I love working on Bugzilla, and I'm totally thrilled at the  
unbelievable changes we've made it it. I'm pretty sure that in 2004,  
most people thought that this project was going to die and be crushed by  
all the major commercial competitors that suddenly arose. And yet, here  
we are, still one of the most widely-respected and used  bug-tracking  
systems in the world, all based on volunteer efforts and open-source  
This isn't to say that the project is totally out of danger--it's very  
likely that some significant changes have to happen in order to keep the  
project alive (myself and other reviewers discussed this a few months  
back), and the Pretty project needs to be completed in order for us to  
retain a broad userbase. But the sort of things we've accomplished  
(particularly the degree of improvement in code quality without a full  
re-write) with this codebase have possibly never before been achieved by  
any software organization in the world, let alone one populated across  
nearly every timezone by people working in their spare time. So I think  
we deserve a little pat on the back from ourselves. 
I personally had a major goal of bringing Bugzilla's code up to a high  
level of quality and learning enough from that process to develop a  
series of broad principles for software development as a whole. With the  
completion of my book, I believe that I have accomplished this, and now  
it's time for me to start focusing on bringing that message to the  
world, as well as time for me to start focusing on my career at Google  
where I may also be able to have a significant and important impact on  
the world of software development. 
In reality, LpSolit and others have actually been managing the project  
entirely without me for the last several months (in fact, for pretty  
much the entire 4.4 release cycle) so I think there's excellent evidence  
that the project can both survive and flourish without me. I will  
definitely miss the Bugzilla community and the great work that we've  
done together, but I think the best thing to do at this point is to  
transition away all of my duties to others so that I can focus on what I  
need to focus on, and so that the project can have somebody holding all  
of the positions that need to be held. 
If I had to supply only three pieces of advice to the Bugzilla  
community that should live on and be kept in force always, they would be: 
(1) Make sure you keep intact all of the principles of an effective  
open-source community. It's most important that we gain and retain  
developers faster than we lose them. I wrote up the results of my  
research into this at: 
(2) The most important thing to focus on when prioritizing features is  
"how much does this help people track bugs?" I wrote this up as "The  
Feature Acceptance Test" once, and I think it helped us have one of the  
most successful releases we ever had. I would suggest keeping this in  
operation for every release:!topic/ 
(3) Remember that code quality is king. Without code quality, we can't  
deliver features in time that actually end up helping our users. Losing  
code quality almost killed the project once; letting that standard slip  
could end us up there again. 
With that said, it's time to give away all of my duties! As near as I  
can tell, here's a list of all the things I'm currently in charge of,  
with who they should go to: 
* Infrastructure (Sysadmin) 
This is already being handled by wicked. 
* CVS-to-bzr sync 
wicked, could you please take this over? It runs on landfill from my  
personal crontab. 
Also being handled by wicked. 
* Twitter 
justdave has volunteered to take this over. 

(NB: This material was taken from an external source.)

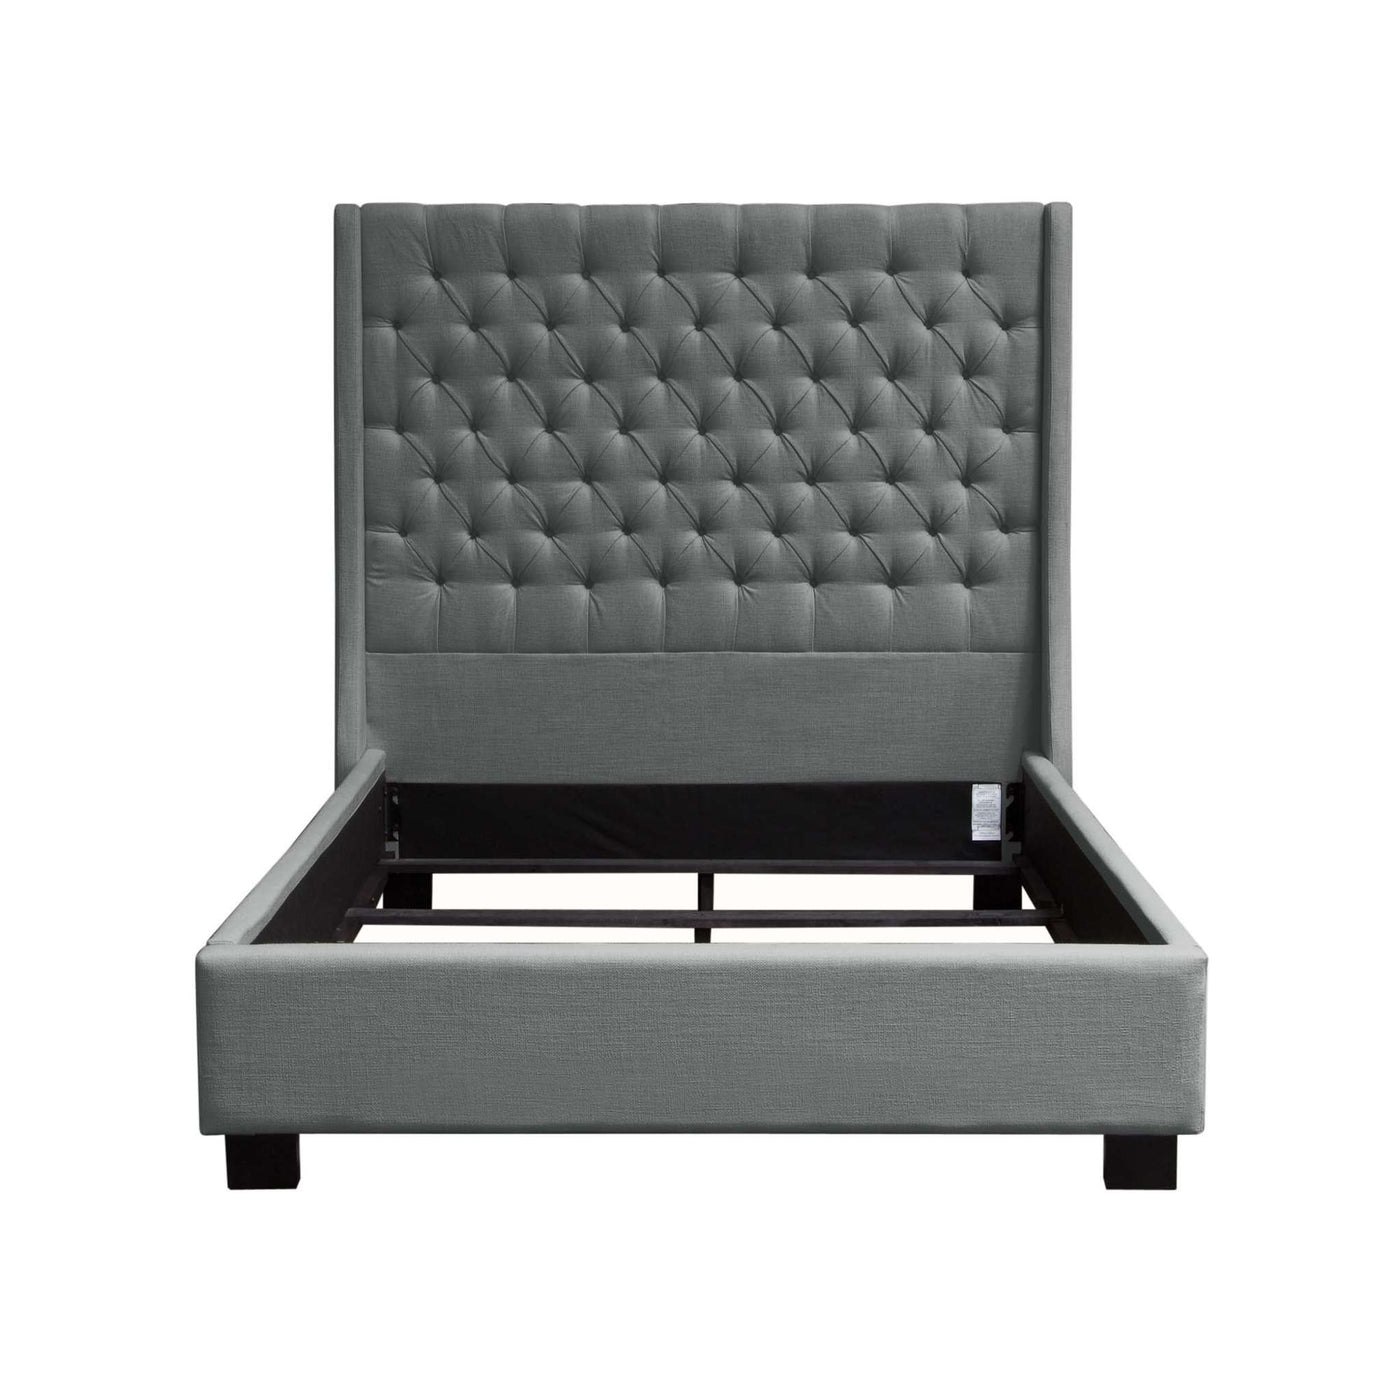 The Park Ave Bed by Diamond Sofa

Note that I routinely search for the word "Bugzilla" on Twitter and  
reply to people who have genuine questions or problems. I don't feed the  
trolls who have pure complaints that aren't useful, but sometimes I do  
offer to help them or ask them for specifics so that I can be helpful to  
them. Doing this search is also a good way to get an idea of how people  
feel about Bugzilla. Generally, the longer it's been since we released  
anything, the more negative they feel. Anybody can help in this fashion,  
as long as they actually know enough about Bugzilla and are willing to  
be polite and positive to every single person they Tweet at. 
* The Bugzilla Update (blog) 
I believe I have transitioned this to LpSolit. 
* Extensions module owner 
I think timello should take on my work on this with oversight from the  
other reviewers, if he's willing. I don't think there should continue to  
be a module owner. 
* DB module owner 
I think LpSolit should take over maintaining the DB layers. I don't  
think there should presently be a module owner. 
* Release Manager 
dkl, as has been happening anyway. 
* Authentication module owner 
Nobody. Should be maintained by the community for now. Perhaps wicked  
could look into this, though, as I recall he had some patches and interest. 
* WebServices 
dkl. Note that API reviews should remain very strict. The API should  
retain TOTAL consistency and reviewers should always think about 
forward-compatibility so that we have a stable API where we (ideally) 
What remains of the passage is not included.